Sin embargo, admito que las desventajas pueden ser muchas más que las ventajas, y son algunas de estas en las que deseo concentrarme a continuación.

Noten que he utilizado la palabra ‘abuso’ en el título porque es en ese exagerado uso de ellas, tan característico actualmente, que radica el verdadero problema. La mayoría de cosas perjudiciales, con la respectiva moderación, no lo serían. Así que recordemos lo que dice la Escritura: ¡Dios nos ha dado espíritu de dominio propio! (2 Timoteo 1:7). ¡Usémoslo!

1. Desperdicio del tiempo

“Mirad, pues, con diligencia cómo andéis, no como necios sino como sabios, aprovechando bien el tiempo, porque los días son malos” (Efesios 5:15-16).

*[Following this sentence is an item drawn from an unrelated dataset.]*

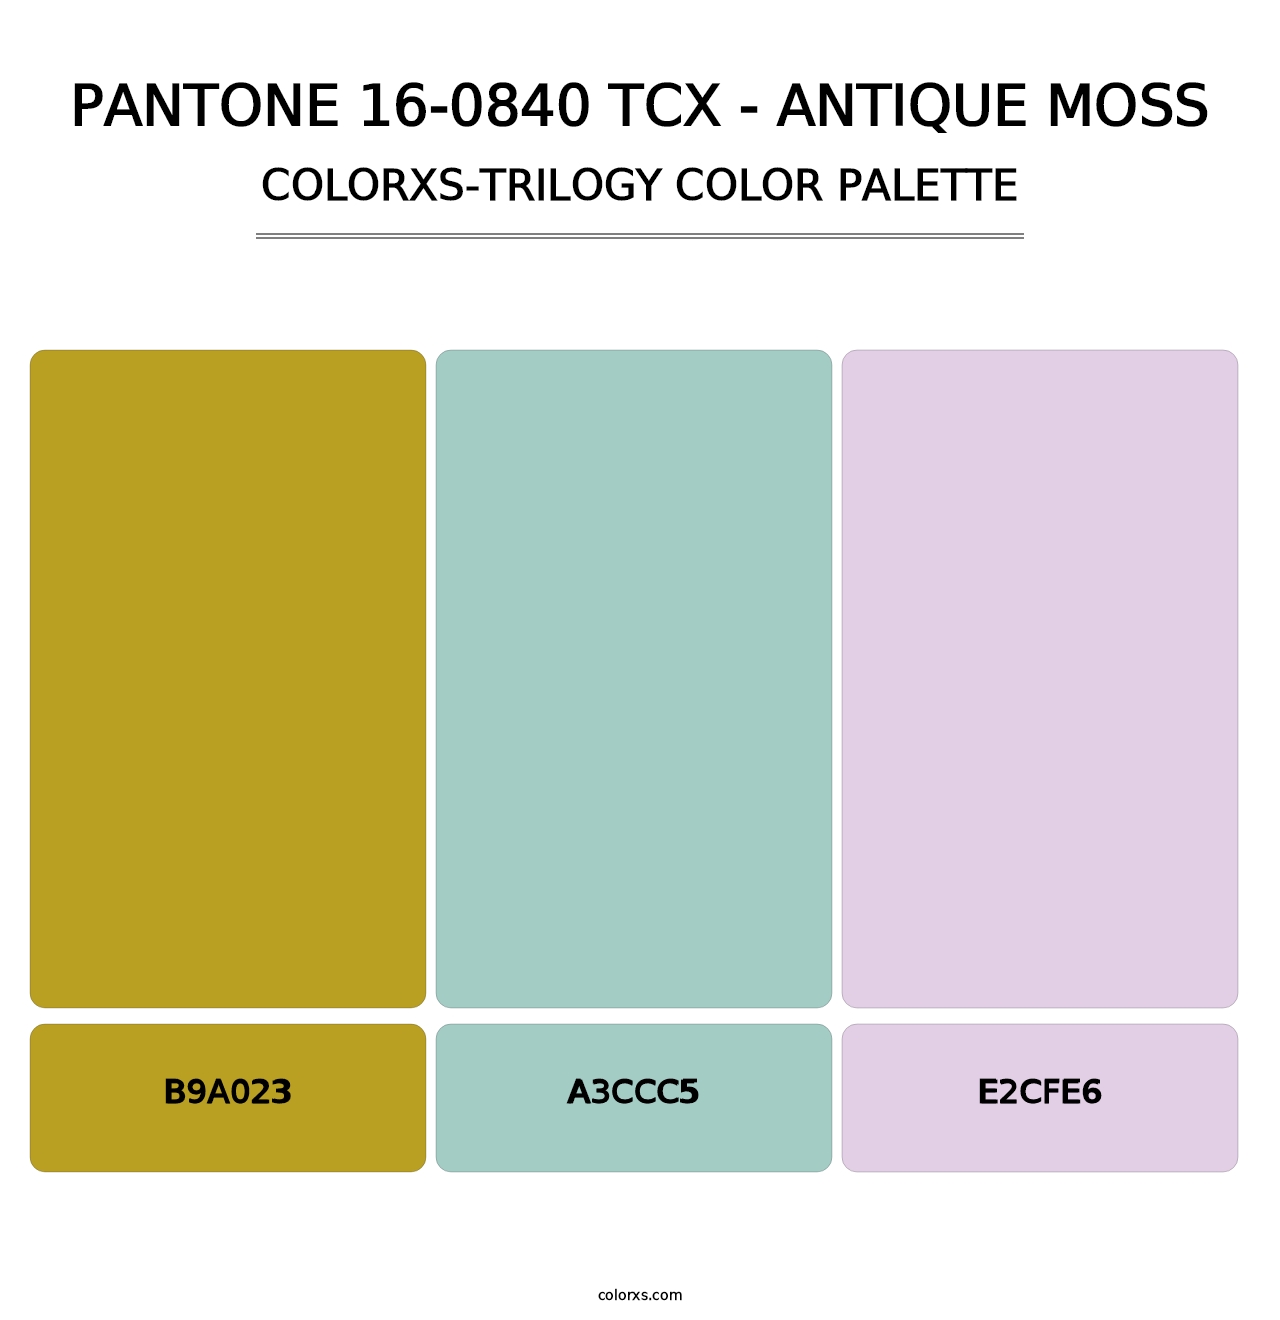 PANTONE 16-0840 TCX - Antique Moss - Colorxs Trilogy Palette
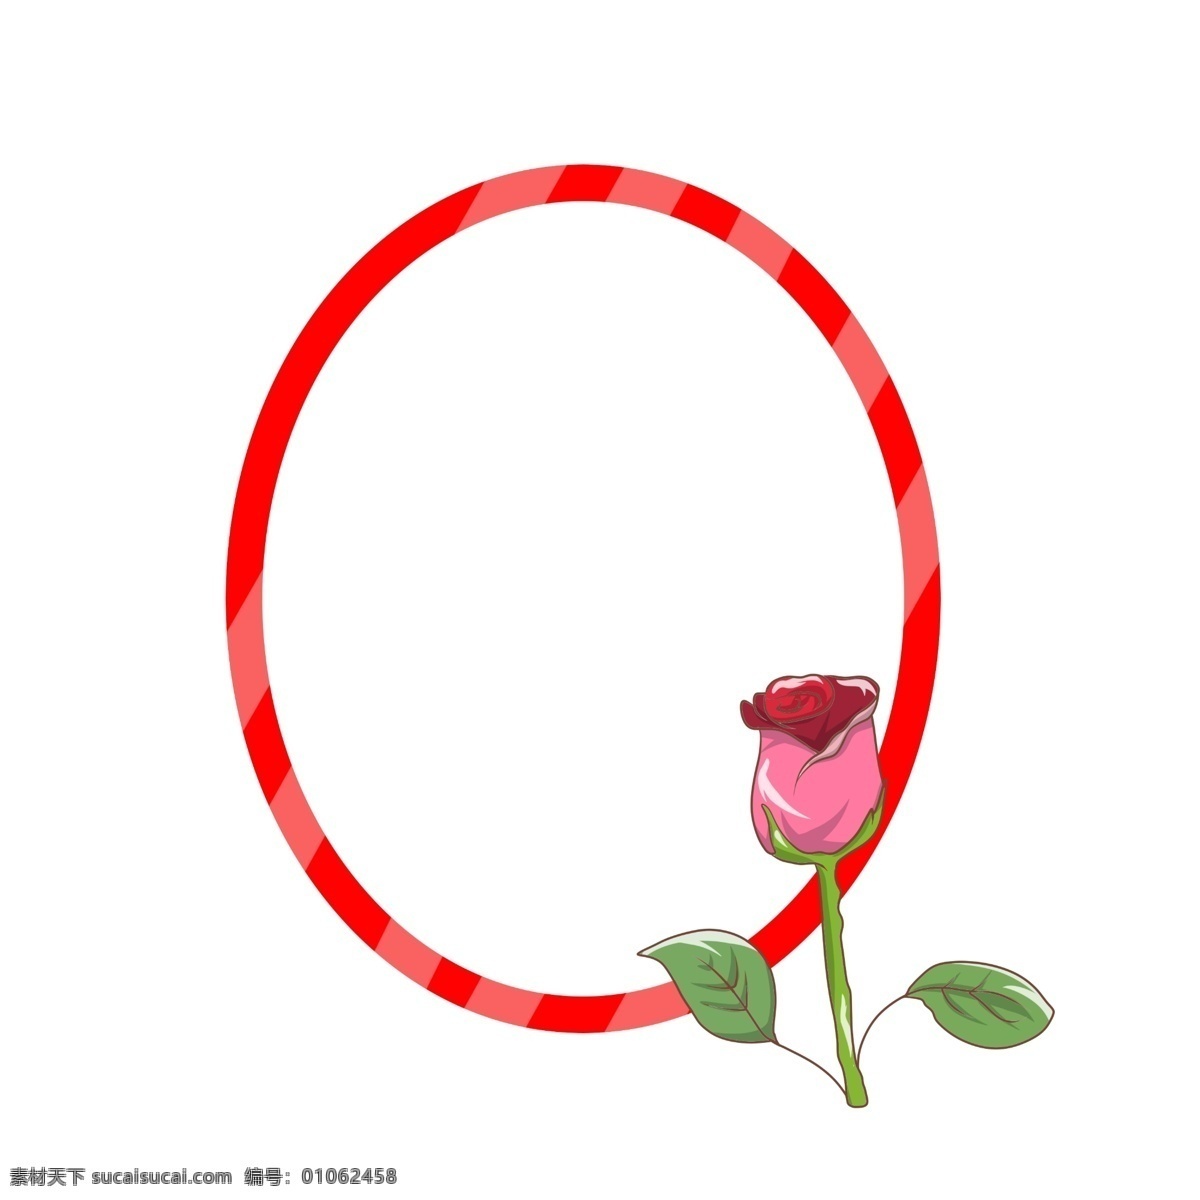 情人节 玫瑰花 边框 椭圆形边框 红色 红色边框 玫瑰花边框 边框插画 边框插图 爱情玫瑰花

La primera de las desventajas que nombraré es la del peligro de derrochar el tiempo. En definición, nuestro tiempo es nuestra vida. Si dejamos que las redes sociales absorban nuestro tiempo, al fin y al cabo, estarán absorbiendo nuestras vidas que fueron compradas por la sangre del Señor Jesucristo: un precio infinitamente valioso. Es por esto que nuestras vidas deben glorificar a Dios y que las debemos vivir sabiamente para Su gloria. No somos nuestros, sino Suyos: y eso implica nuestro tiempo.

En el sitio mencionado al principio, se concluye estadísticamente que las personas utilizan las redes sociales un aproximado del tercio de su tiempo de vida. ¡Un tercio de su tiempo de vida! ¿En verdad eso puede ser encajado en el mandamiento “redimiendo el tiempo” de Colosenses 4:5? Cuando las redes sociales se convierten en un dominante del tiempo (que es lo mismo que una adicción) que lleve a que este se malgaste, malutilice y malinvierta, las redes sociales se convierten en plataformas pecaminosas para nosotros.

Hermanos, honramos o deshonramos a Dios en la medida que usamos bien o mal el tiempo respectivamente, y esto incluye la pregunta central: ¿cuánto tiempo paso en las redes sociales y haciendo qué? Sus conciencias respondan con sinceridad. ¿Paso el tiempo justo? ¿Trato sinceramente de emplear todo mi tiempo honrando al Señor en todo lo que hago? ¿Estoy viviendo una vida que honra al Señor en mi soledad, con mi familia, en mi iglesia, en mis estudios, en mi trabajo, en la sociedad, en las redes sociales y el internet en general? El apóstol Pablo decía: “Todas las cosas me son lícitas, mas no todas convienen; todas las cosas me son lícitas, mas yo no me dejaré dominar de ninguna”(1 Corintios 6:12). Querido lector, ¿puede usted decir lo mismo?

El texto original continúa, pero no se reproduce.